A team goes to Asia/Aus/England even and will want to bat first. Why? Well the home team is going to be fearful of having to bat last, so the word goes out to the groundsman to prepare a road. Can't afford it to be green early on and get stuck in, or make it rag from day 1. This means it will be 700 v 600 and we'll have loads of draws. Alternating the toss won't help either as the home team will prep the wickets like above for the away team and get made to order decks for when they have the toss.
Best option is to get a ball with a proper seam and hardness and make batting more difficult irrespective of the wicket. Get something that reverses, big seam that helps the spinners turn it more and the seams to get prolonged movement and bounce. How much more interesting was the ashes when the England prepared english wickets that did something all the way through.
I think the best option is to have all test match series as either 3 or a 5 match series. Then who ever wins the 1st toss then get to choose what to do on the 1st, 3rd and 5th tests. I agree the home team will manufacture a pitch to suit them knowing the opposition have choice of whether to bat or not, but doesn't this happen already??... England produce a seamers wicket relying on our seamers being better than the oppositions. India/Pakistan turning wickets for spinners etc etc.
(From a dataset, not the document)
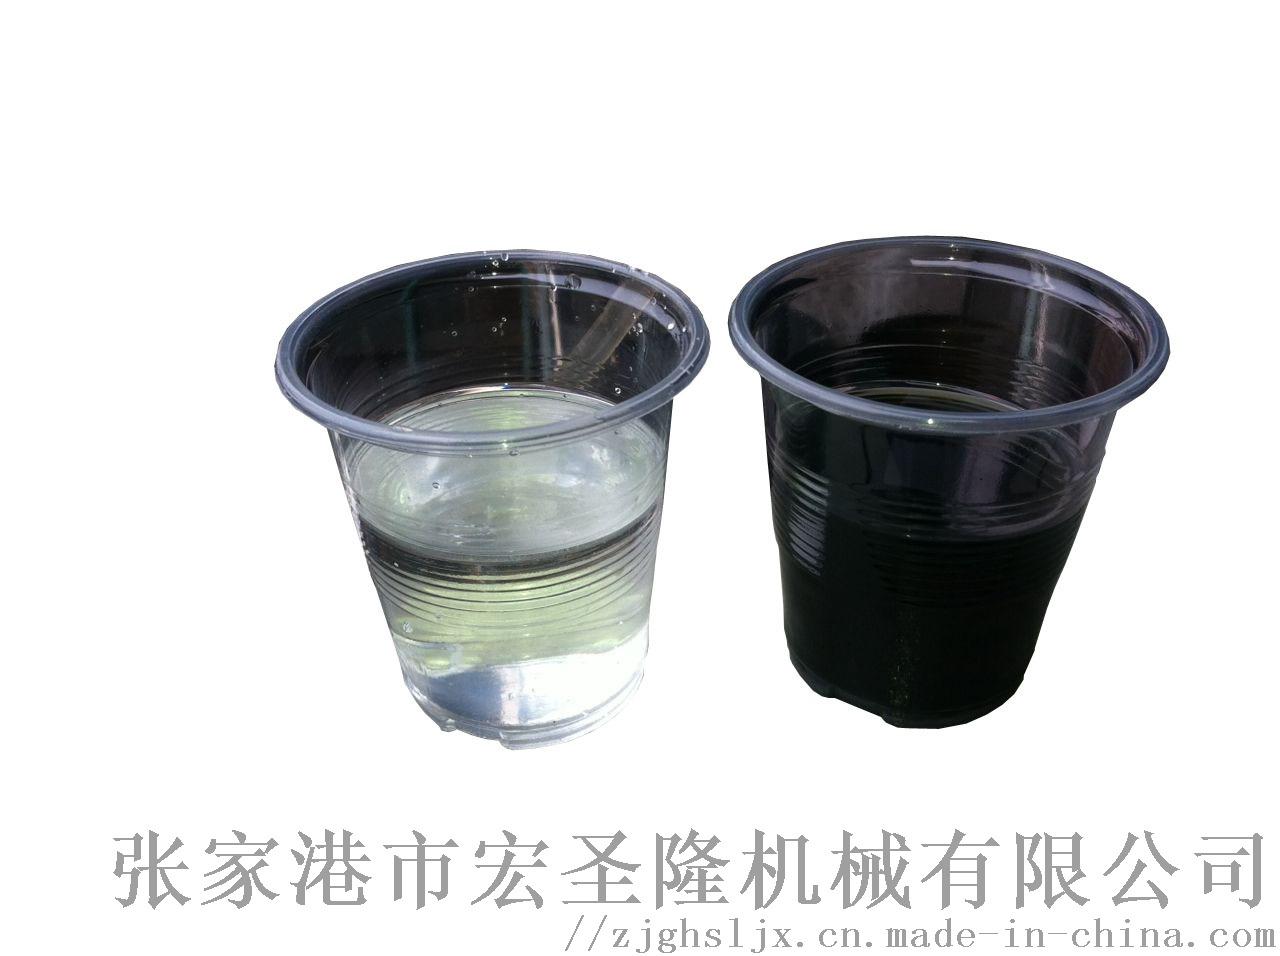 冲洗水5.jpg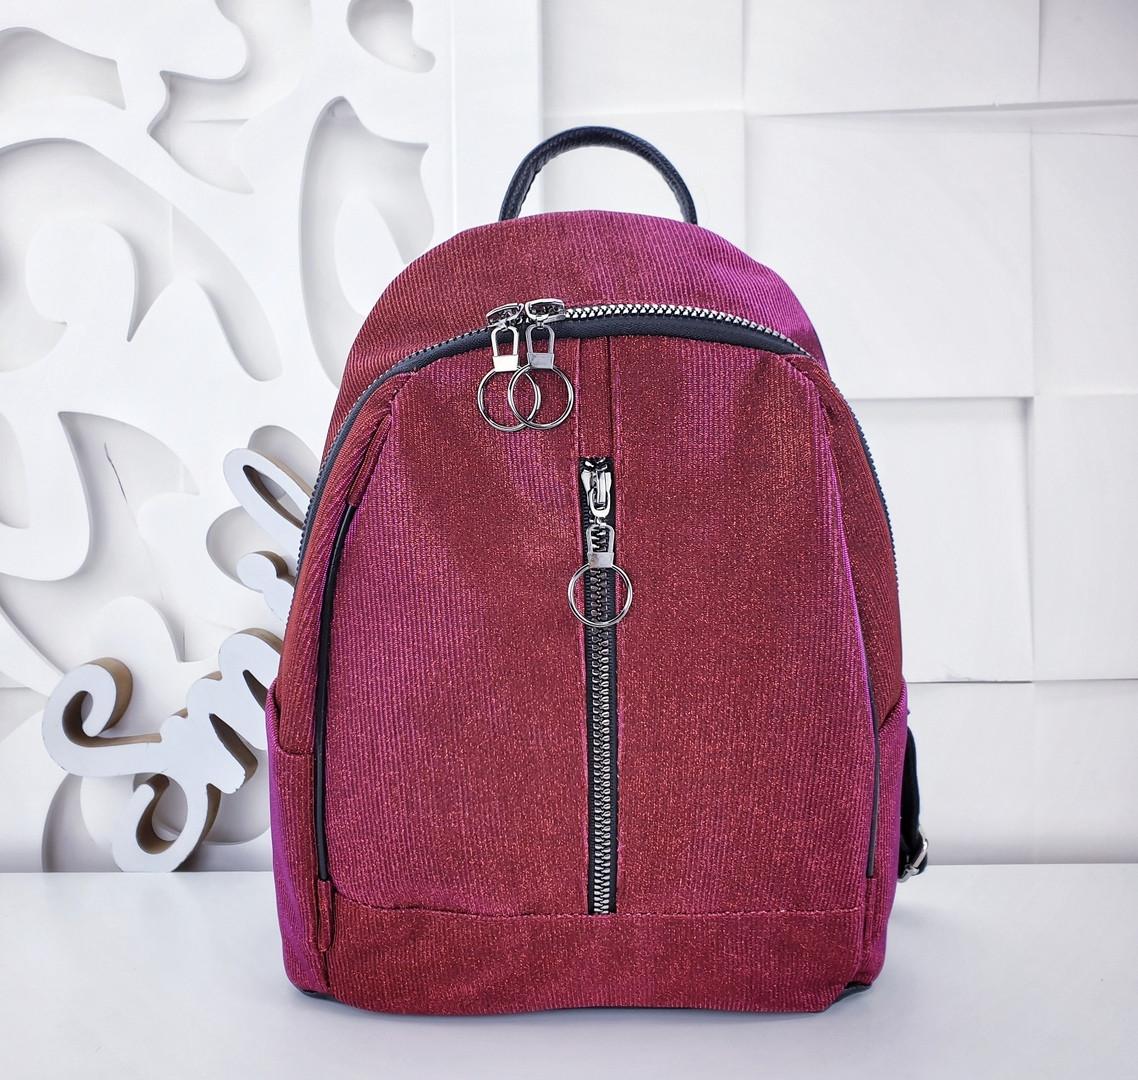 Женский рюкзак в цвете красный с переливом, полиэстер+люрекс+напыление+эко-кожа

However if Alistair Cook had had the choice of what to do in the 2nd test he would have batted 1st and if a decent batting performance was made they would have won the test. Same can be said of pitches in India and possibly Sri Lanka... 90% of the time if you win toss and bat 1st you will not lose the test match...
I personally think its not a fair game of cricket if winning the toss has a MASSIVE say on the outcome of the test. There is nothing you can do about overhead conditions so if you are put in to bat, then its down to a batsmans skill to survive until conditions change, however in Asia, I would fancy many county teams to make 300+ in having 1st use of those wickets.
I appreciate that there is no "bulletproof" solution but surely alternating the toss after the 1st toss has been won would be easier than trying to manufacture a new cricket ball that everyone would have to be happy with for it to be introduced in all test series.